Ratings agency Moody’s Investors Service in its report has said that the crisis has not derailed global economic expansion but has rather dented it. It now expects the G-20 economies to expand 3.6% collectively in 2022, compared with the 4.3% growth forecast earlier in February. It further expects growth to slow to 3.0% in 2023.

Moody’s expects the G-20 advanced economies to expand 3.2% in 2022 and the G-20 emerging market countries to grow 4.2% in 2022, down from its forecasts of 3.9% and 4.9%, respectively, before the invasion of Ukraine.

Investment bank Goldman Sachs has downgraded its global growth forecast following the invasion and surges in commodity prices. It now sees the global economy growing 3.4% in 2022, as compared to a forecast of 4.3% pre-invasion. It has also increased its year-end global headline inflation forecast for 2022 to 7.0% year-on-year (from 5.5% pre-invasion).

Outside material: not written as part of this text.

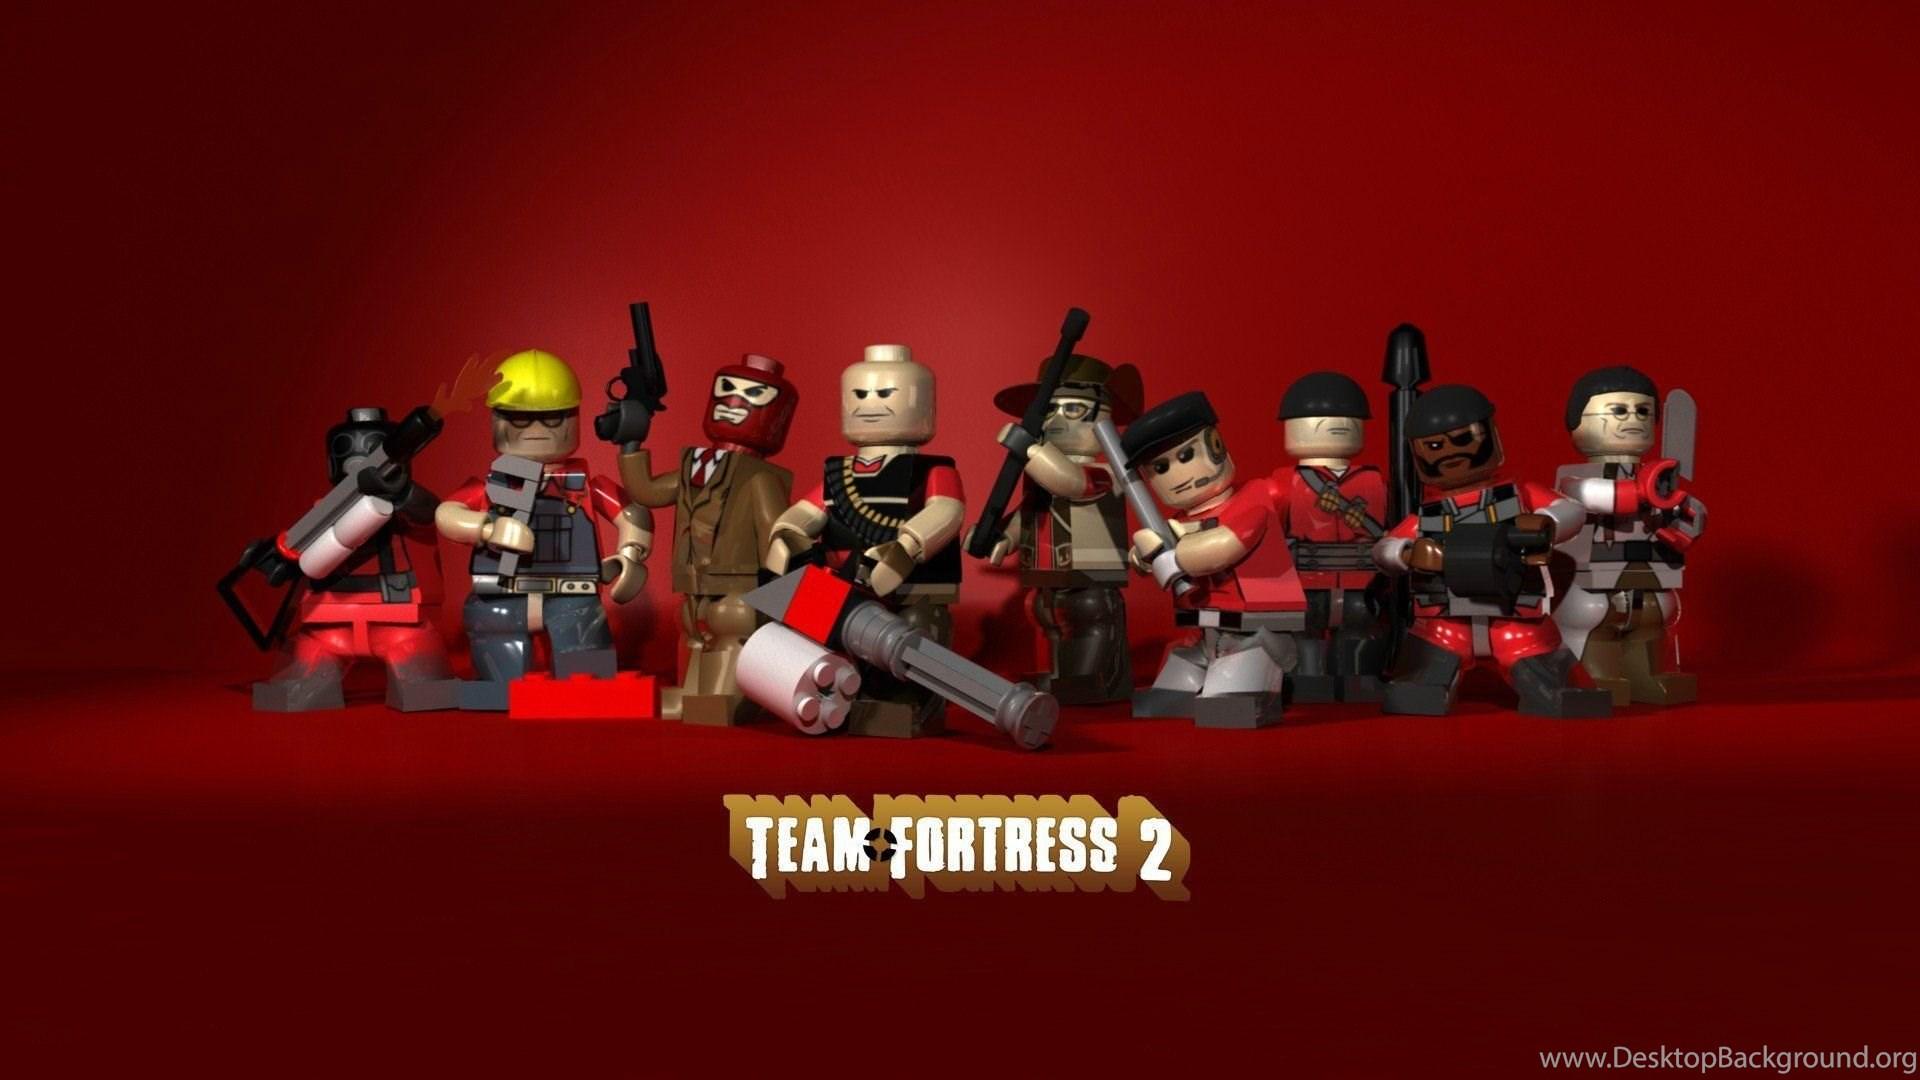 Video Games Team Fortress 2 Legos Wallpapers Desktop Background

“Additional supply chain disruptions pose further downside risk to growth and upside risk to inflation,” it said.

India and oil

India is vulnerable to high oil prices given that it is a large importer of crude oil. India being a surplus producer of grain, means that agricultural exports stand to benefit in the short term from high prevailing prices.

However, the high fuel and potentially higher fertiliser costs would weigh on government finances down the road, potentially limiting planned capital spending.

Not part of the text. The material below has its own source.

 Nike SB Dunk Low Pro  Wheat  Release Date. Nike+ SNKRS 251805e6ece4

It has now lowered its 2022 growth forecasts for India by 0.4 percentage points. Moody’s expects the Indian economy to grow by 9.1% this year, followed by 5.4% in 2023.

Inflation worries

The higher oil prices stand to impact households’ cost of living directly or indirectly whether or not a country is a net importer. Directly, the higher energy prices will impact the cost of living and indirectly through increases in the costs of transportation and production of other goods and services. And as such, the rise in oil prices will build broad inflationary pressures across the board.

Apart from the impact of oil prices, the ongoing war has also disrupted the already wounded supply chains. Just as the crisis had started to heal, the Russian invasion of Ukraine and the sanctions thereafter, worsened the supply chain issues.

“The breadth and the intensity of this supply shock could have more severe consequences than previous commodity price spikes, by broadening inflationary pressure. Due to the compounding effect of several shocks, food and fertiliser inflation, for instance, could reach levels not seen in a decade,” Barclays wrote in a research report last week. “The impact will be extremely asymmetrical and most emerging market countries will be disproportionately by food and fertiliser risks,” it said.

On the inflation front, it has opined that among the G-20 emerging market countries, inflation will rise 3.5% on average above its February expectations.

It may be noted that the G20 emerging market countries include Argentina, Brazil, China, India, Indonesia, Mexico, Russia, South Africa, and Turkey.

The key three channels that could be affected by the ongoing geopolitical conflict are commodity and food price shocks, financial repercussions from the sanctions, and security challenges in a scenario of an escalating or wider military conflict.

“As of now, the risk of a worsening conflict appears far higher than does a thaw. The economic impact will build the longer the conflict drags on, and especially if it expands beyond Ukraine,” it said.